Holzinger: Die Menschen haben eine große Sehnsucht nach Beheimatung. Auf diese Sehnsucht hat  die Kirche eine Antwort: Sie kann Gemeinschaft anbieten und auf eine Hoffnung verweisen, die nicht zugrunde geht, sie kann Jesus Christus verkünden – Jesus Christus ist die Mitte unserer Verkündigung. Das ist doch wirklich Grund optimistisch zu sein. Auch im Blick auf die fast 950-jährige Geschichte unseres Klosters bin ich nicht pessimistisch. Es hat schon viele Tiefs gegeben. Und immer wieder ist es weiter- und aufwärts gegangen.

Was kann man jetzt machen, wenn man nicht darauf warten will, was „oben“ entschieden wird?
Holzinger: Mir ist es wichtig, nicht untätig zu sein, sondern mit allen Sinnen Ausschau zu halten, wohin Gott seine Kirche führen und wohin er sie verändert haben will.
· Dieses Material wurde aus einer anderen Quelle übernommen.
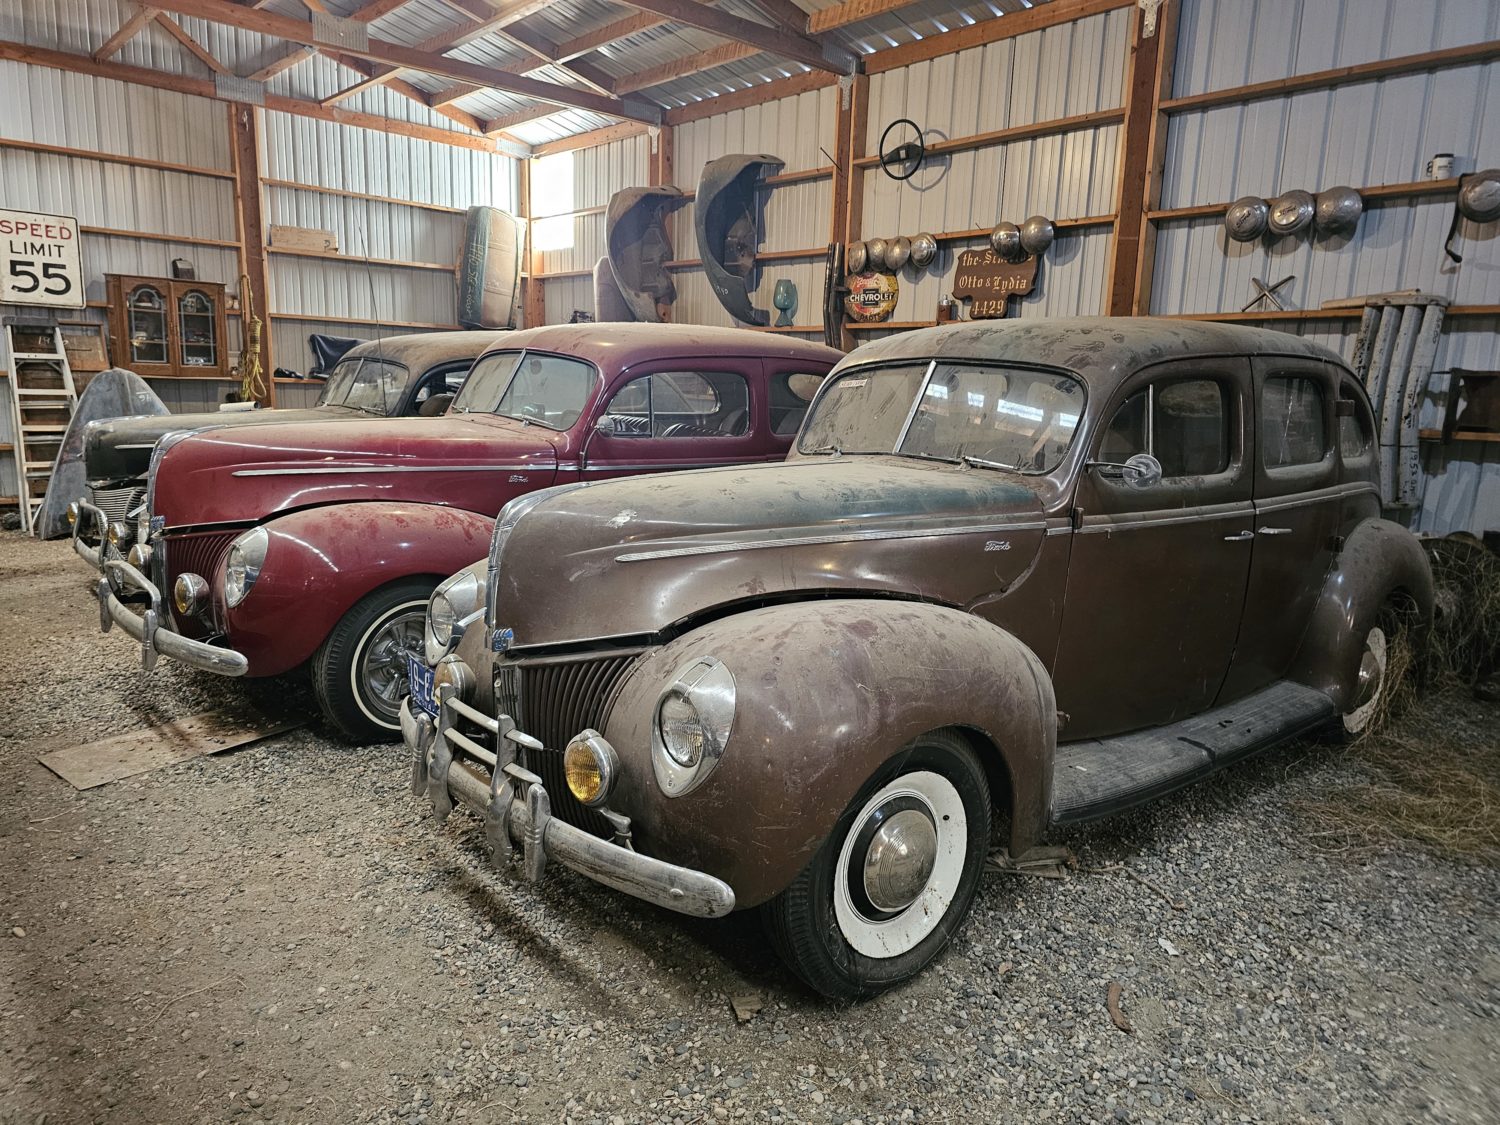 1940 Ford Cars, Parts & More! The Willie Shields Collection! Live Onsite-With Online Bidding - image 5
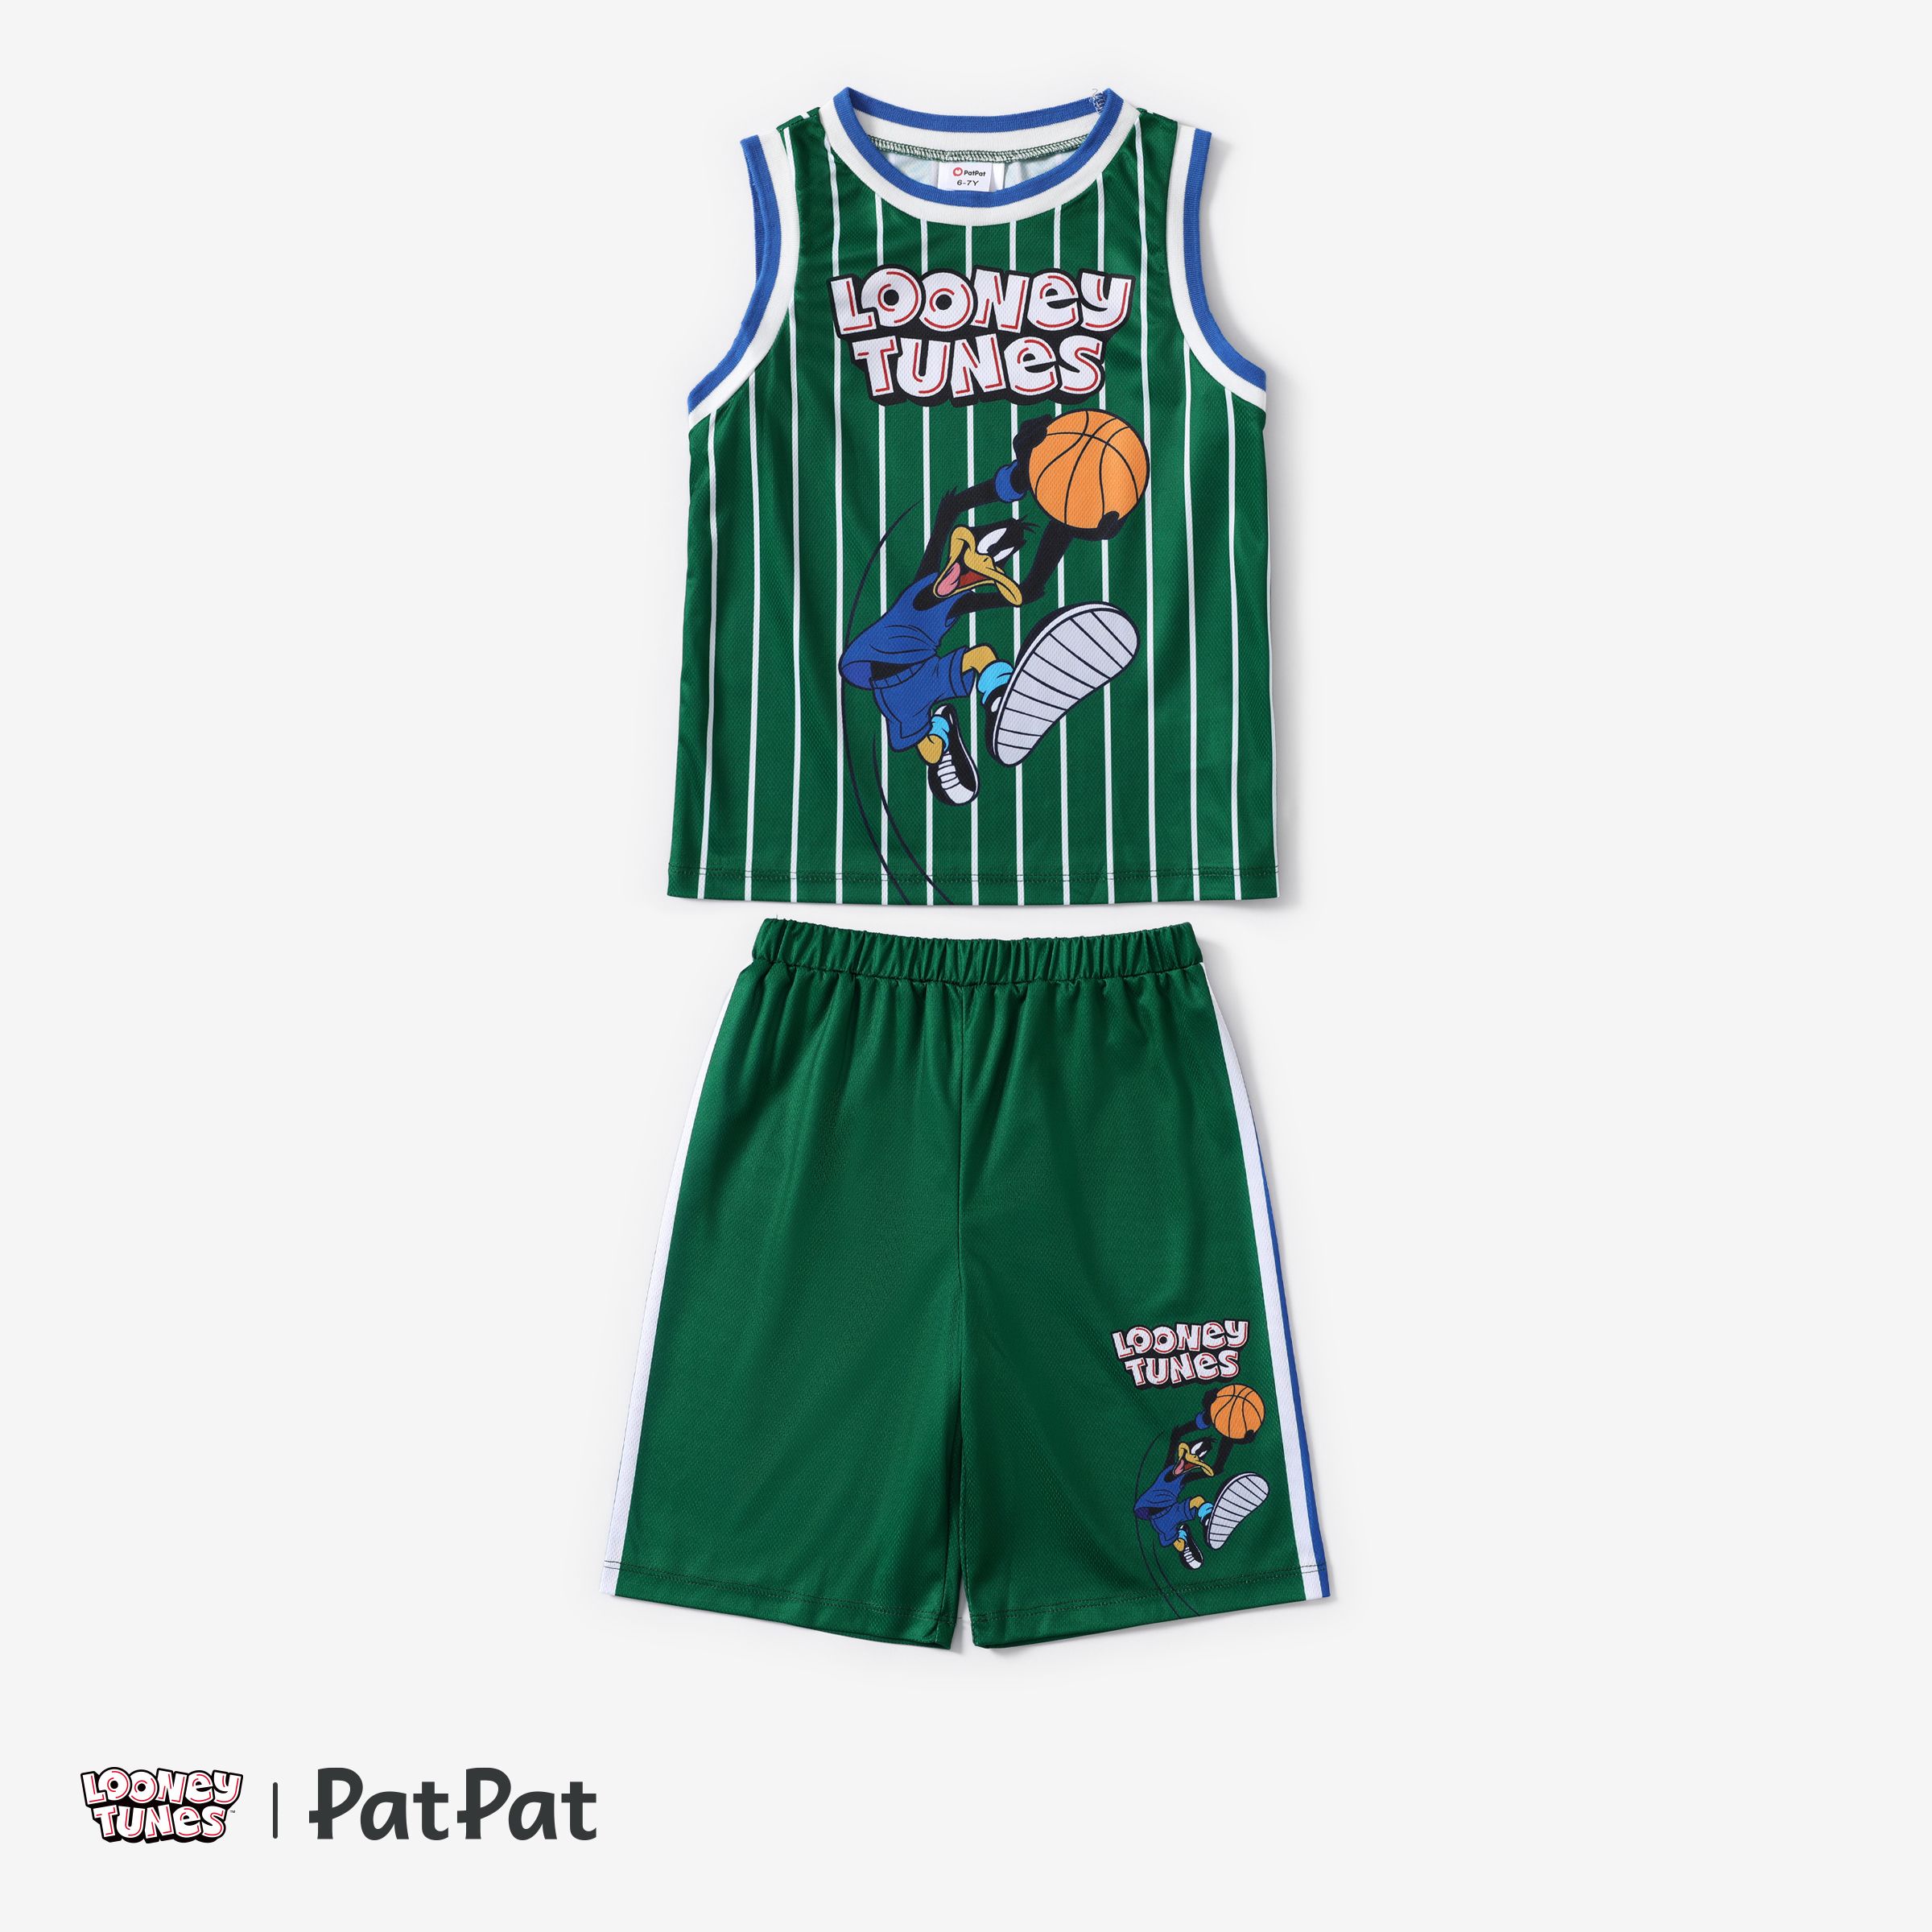 

Looney Tunes Toddler/Kid Boys 2pcs Character Basketball Striped Tank Top with Shorts Sporty Set

Es gilt, den Willen der Liebe Gottes zu erspüren. Mich begleitet der Satz aus dem zweiten Timotheusbrief: Denn Gott hat uns nicht einen Geist der Verzagtheit gegeben, sondern den Geist der Kraft, der Liebe und der Besonnenheit (2 Tim 1,7).

Was wird Ihre größte Herausforderung in den nächsten Jahren als Propst sein?
Holzinger: Bis zum Ende meiner Amtszeit werden wir Florianer Chorherren aus eigener Kraft nicht einmal mehr annähernd unsere Aufgaben in den Pfarren und im Stift bewältigen können. Davor darf man die Augen nicht verschließen.
Meine Verantwortung sehe ich darin, vernünftige Übergänge zu schaffen und zu verantworten, was nicht mehr geht. In den nächsten drei Jahren möchten wir ein Programm erarbeiten, das den jüngeren Mitbrüdern Freiheit und neue Gestaltungsräume verschafft. Im Vertrauen auf das Wirken Gottes wird uns das gelingen.